For the beginning of the trial, we added about 120 grams of isopropyl alcohol. To maintain a motor oil like slurry. After 10 minutes of total grinding time, particle size distribution was determined with Laser Particle Sizer ANALYSETTE 22 NanoTec. We found a d50 < 7,5 µm and d90 < 21,2 µm already.

The grinding balls were exchanged against 0,5 mm grinding balls (800 grams) and further 70 grams of isopropyl alcohol were added to keep the viscosity motor oil like.

Now also the speed could be set to maximum (800 rpm) and pausing times were increased to factor 10x. After 15 minutes of total grinding time (5 min. with 0,5 mm grinding balls), further 50 g of isopropyl alcohol were added to dilute the higher viscosity. We proceeded grinding until 20 minutes total grinding time passed and found a d50 < 670 nm and d90 < 2,7 µm already.

Because the bowl was filled to its maximum already, we proceeded grinding until 40 minutes of total grinding time was reached. Now we observed a flocculation of sample inside the bowl with present setup. Static light scattering is no proper tool to determine the primary particles anymore. We checked several pre treating methods of dispersion, but always found a new population from 10-30 µm range which is constantly rising inside the measuring circuit.
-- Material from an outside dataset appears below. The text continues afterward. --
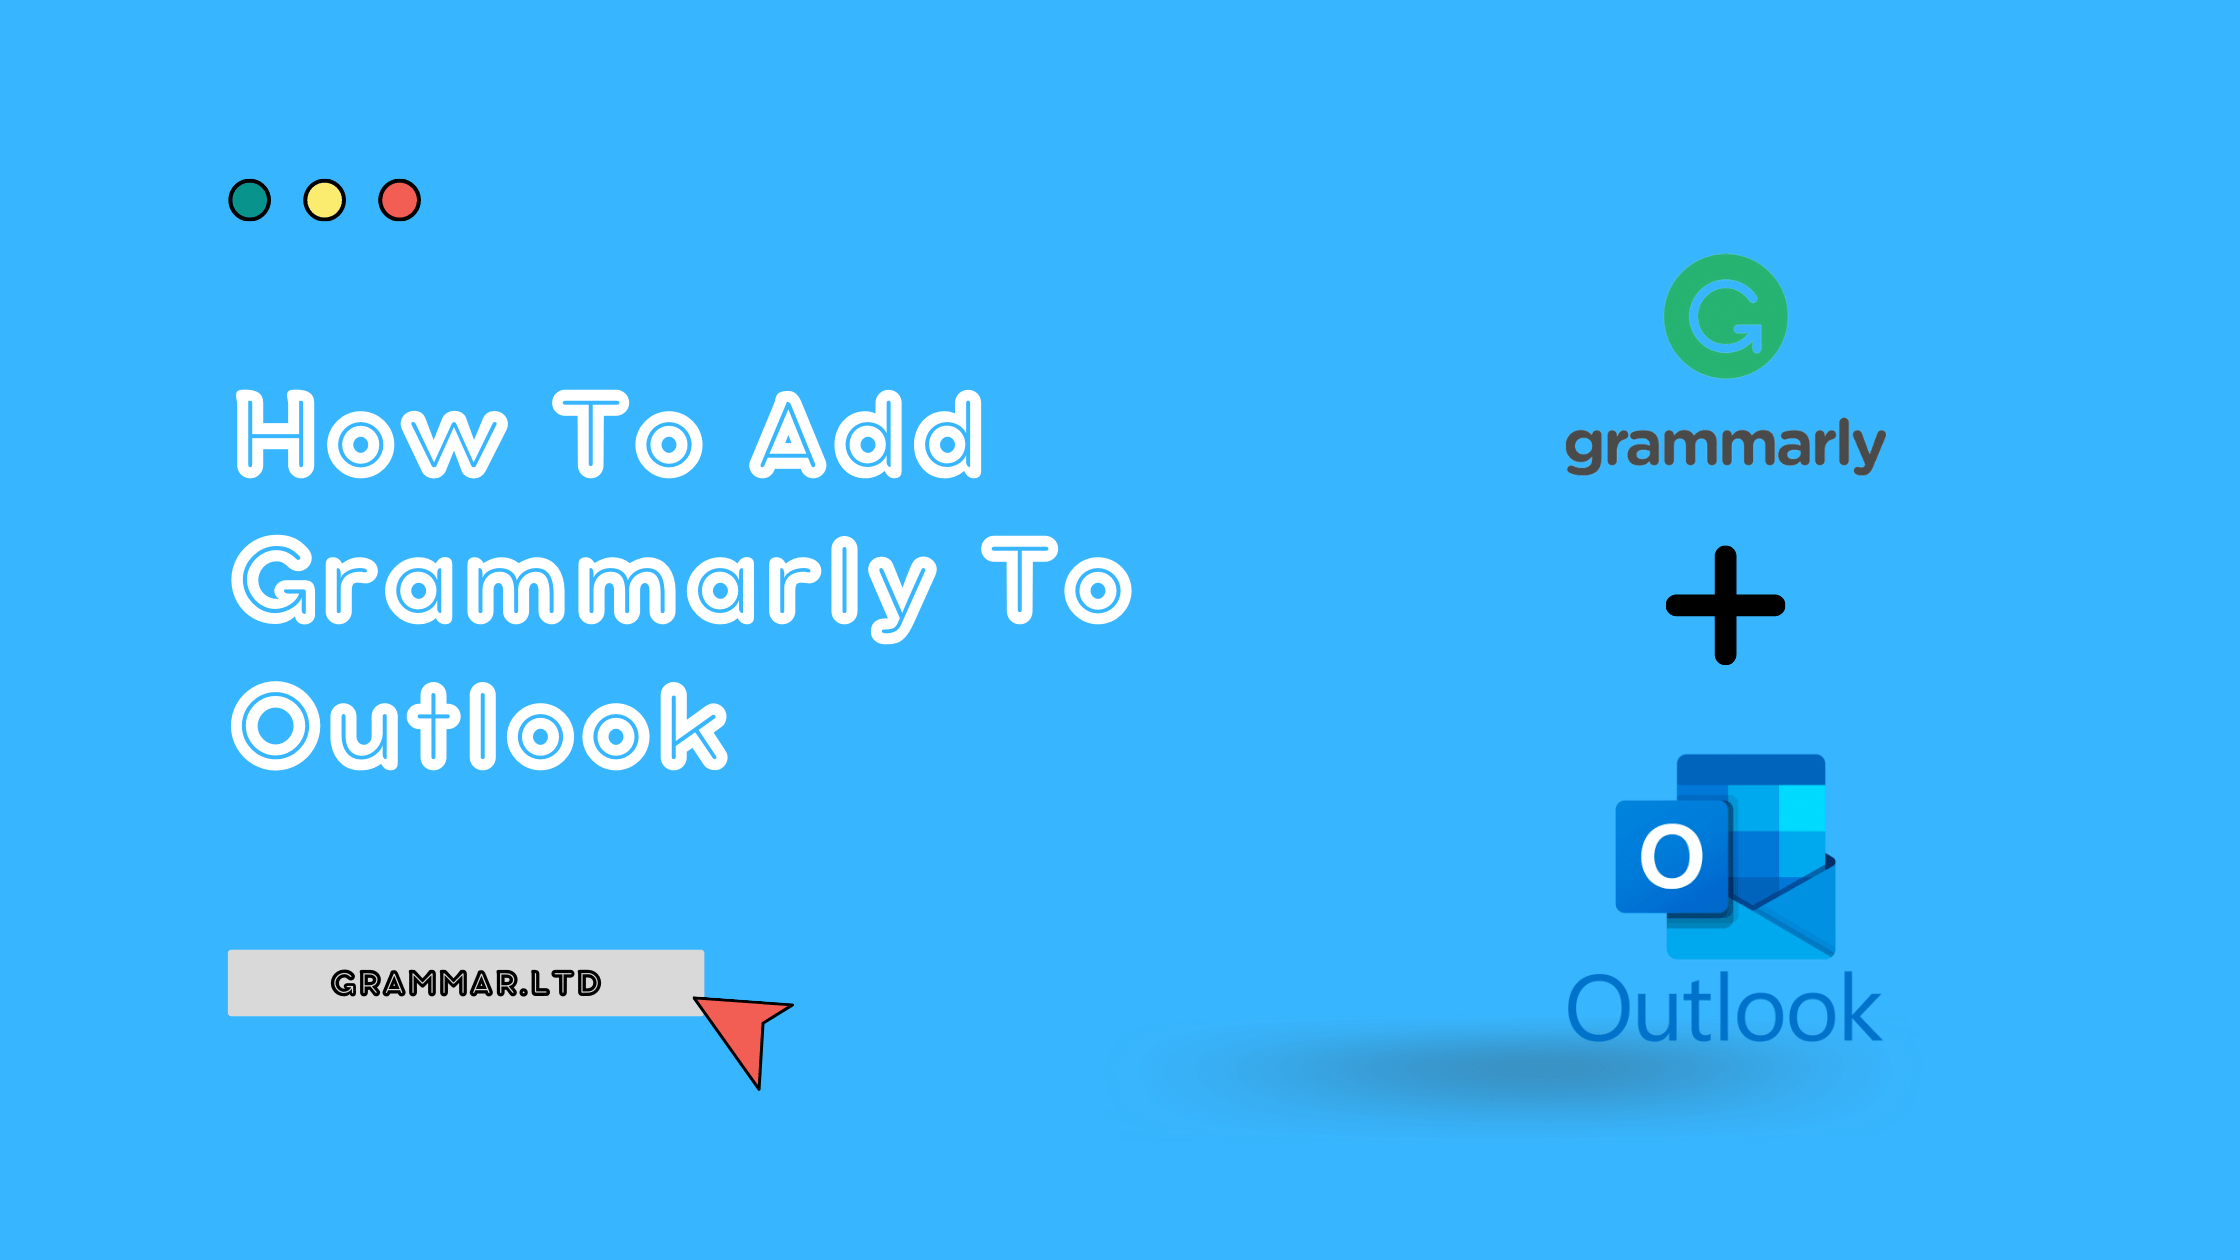 grammarly free download outlook

We packed the ground sample best possible and brushed of dried sample powder from the used equipment afterwards. As mentioned in result one, a proper solvent for grinding need to be found, eventually an additive is required to keep sub micrometer particles stabilized. Also a pre treating to get rid of crystalline water can be beneficial to grind the sample as desired (see hints of result one).